← Blog/Q4_K_M vs Q5_K_M vs Q6_K vs Q8_0: How Much Quality Do You Lose?
Runyard.dev — Find AI Models That Run on Your Hardware

Q4_K_M vs Q5_K_M vs Q6_K vs Q8_0: How Much Quality Do You Lose?

A 16-bit Llama-3.1-8B weighs 14.96 GB. The Q4_K_M build of the exact same model is 4.57 GB — a 69% cut — and on WikiText its perplexity moves from 7.32 to 7.56, roughly a quarter of a point. That single comparison is the whole quantization debate: you give up a sliver of measurable quality and get two-thirds of your disk and VRAM back. The real question is not whether quantization works. It is where on the ladder from Q4_K_M up to Q8_0 the loss starts to matter for the work you actually do.
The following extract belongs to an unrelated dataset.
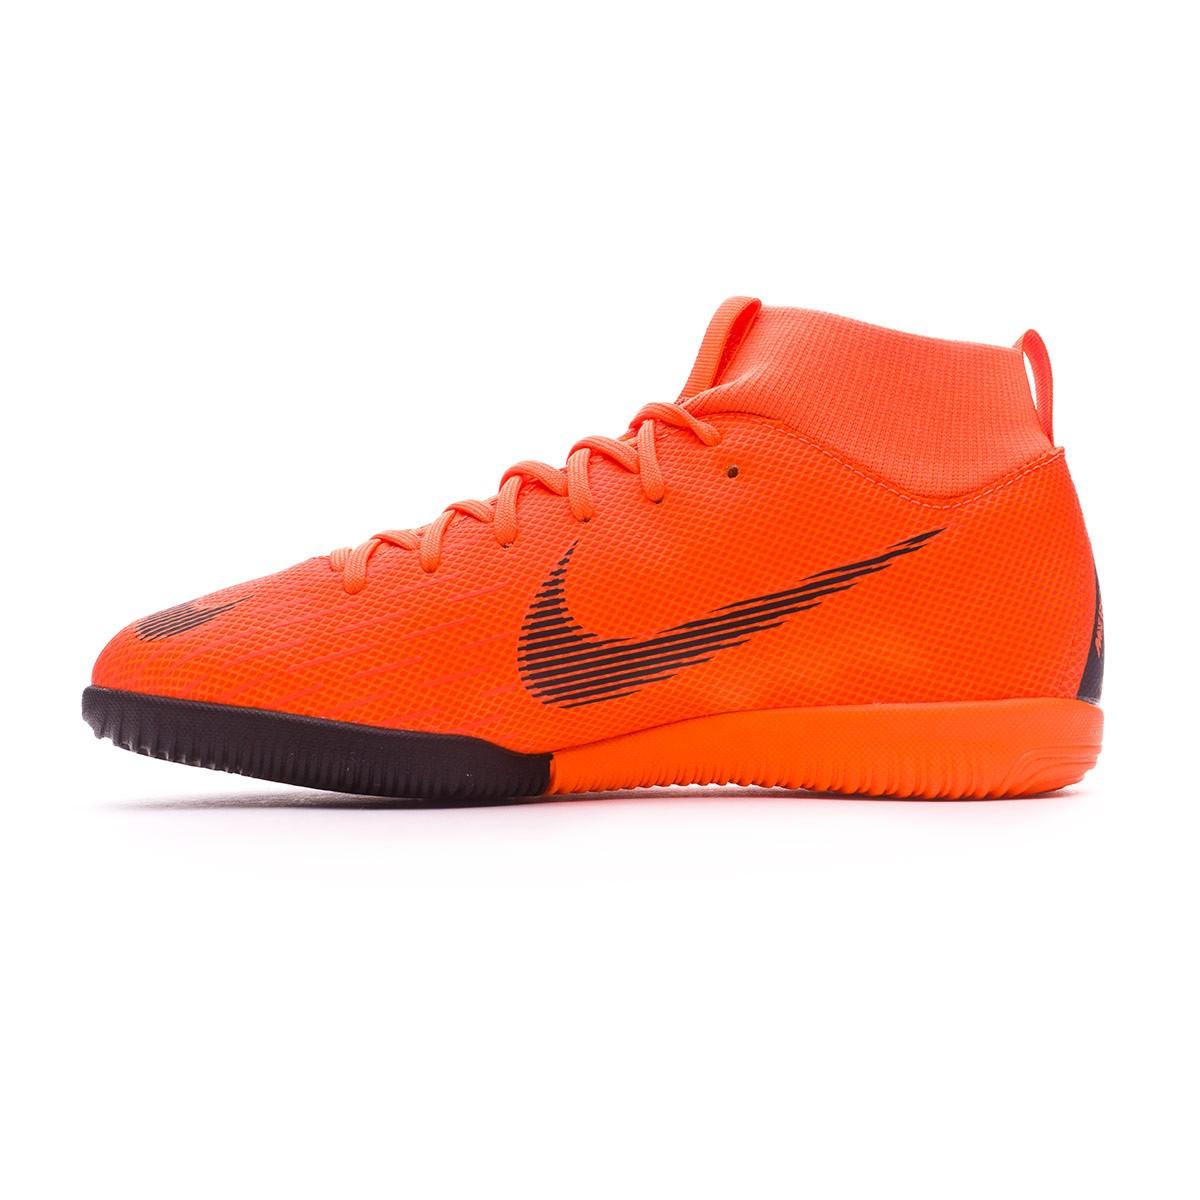 118374ac8799 Futsal Boot Nike Kids Mercurial SuperflyX VI Academy GS IC Total orange-Black-Volt  - Tienda de fútbol Fútbol Emotion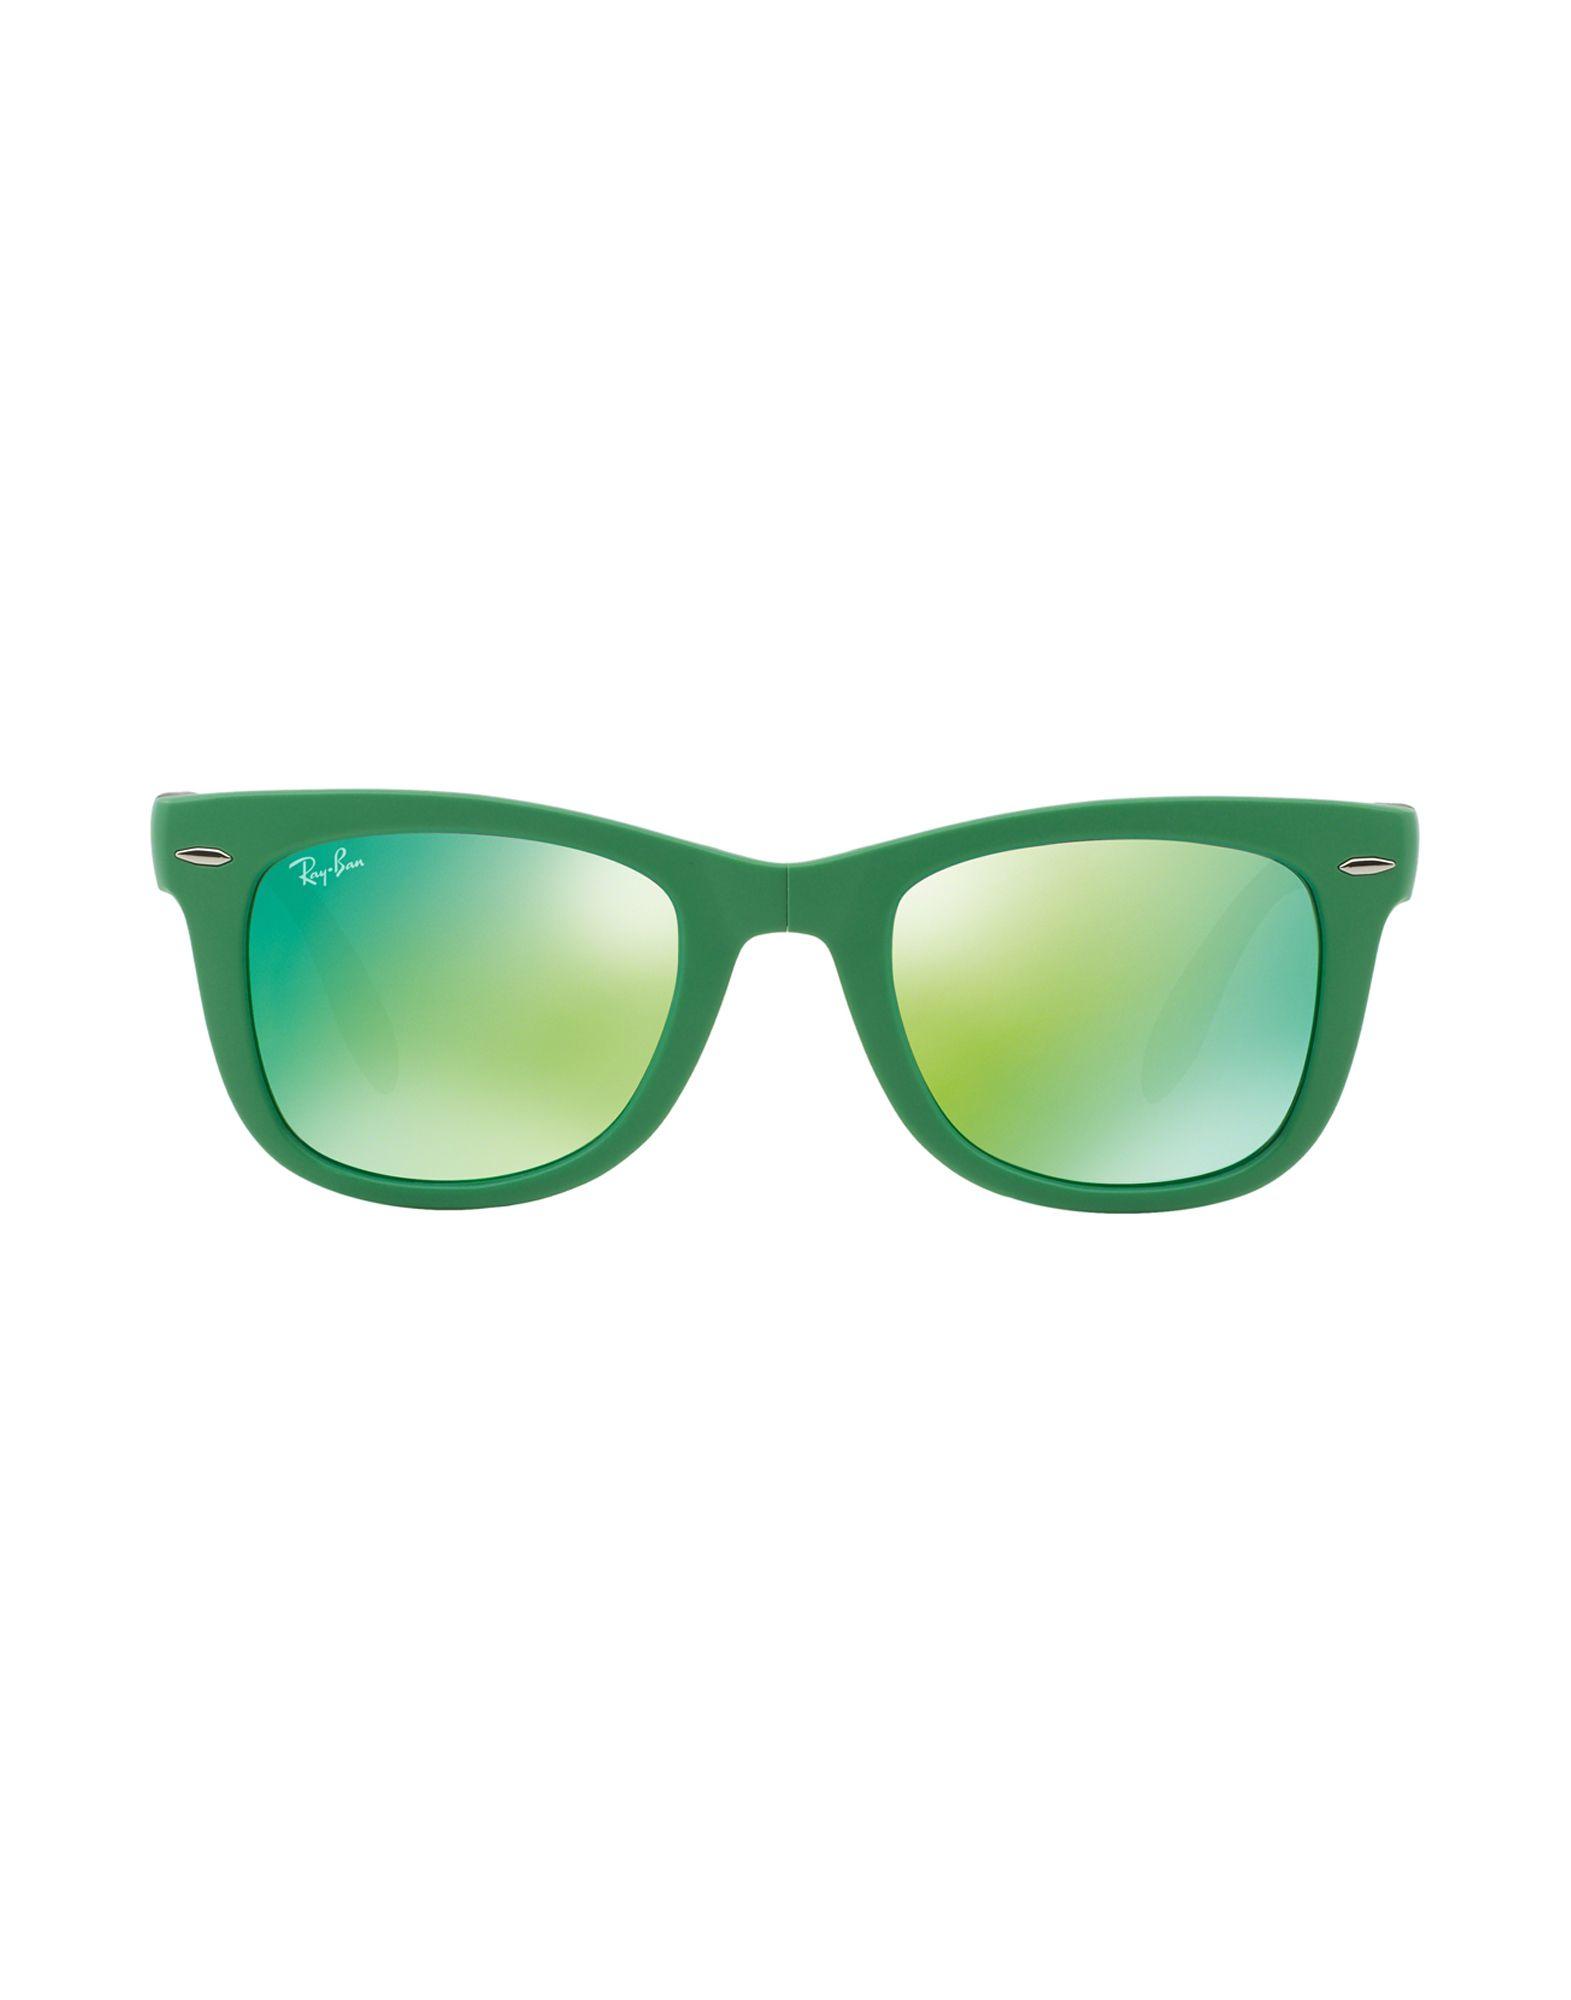 0405ac791d Green Ray Ban Sunglasses

Abstract neural-network visualization representing compressed model weights and quantization of a large language model
Quantizing Llama-3.1-8B to Q4_K_M cuts it from 14.96 GB to 4.57 GB while perplexity rises just 0.24 points.

What Do Q4_K_M, Q5_K_M, and Q6_K Actually Mean?

GGUF quantization names look cryptic but decode cleanly. The number is the target bit-width per weight: Q4 is roughly four bits, Q5 five, Q6 six, Q8 eight. The `_K` marks a k-quant, the format llama.cpp has used since 2023, which stores weights in super-blocks with a two-level scale hierarchy instead of one flat scale per block. That hierarchy is why a 4-bit k-quant holds up far better than the old Q4_0 legacy format at the same size.

The trailing `_S`, `_M`, and `_L` are mixing recipes, not separate bit-widths. Q4_K_M keeps a few sensitive tensors — the attention output and feed-forward down-projections — at 6 bits while the rest sit at 4, which is why a 'four-bit' model lands closer to 4.8 effective bits per weight. Q4_K_S drops those exceptions to stay smaller. Q5_K_M and Q6_K apply the same idea at higher base precision. If you want the mechanics of how these weights load and run, the Runyard explainer on [how local LLM inference actually works](/blog/how-local-llm-inference-actually-works) walks through k-quants and mixed precision in detail.

This matters because the naming hides the real ladder. People assume Q4 to Q8 is a smooth linear trade, but the useful gradient lives between Q3 and Q5. Above Q5 you are paying for bits that barely move quality; below Q4 you fall off a cliff. The whole reason to understand the suffixes is to find that narrow band — typically Q4_K_M to Q5_K_M — where each extra gigabyte still buys measurable accuracy. Everything outside it is either wasted VRAM or false economy.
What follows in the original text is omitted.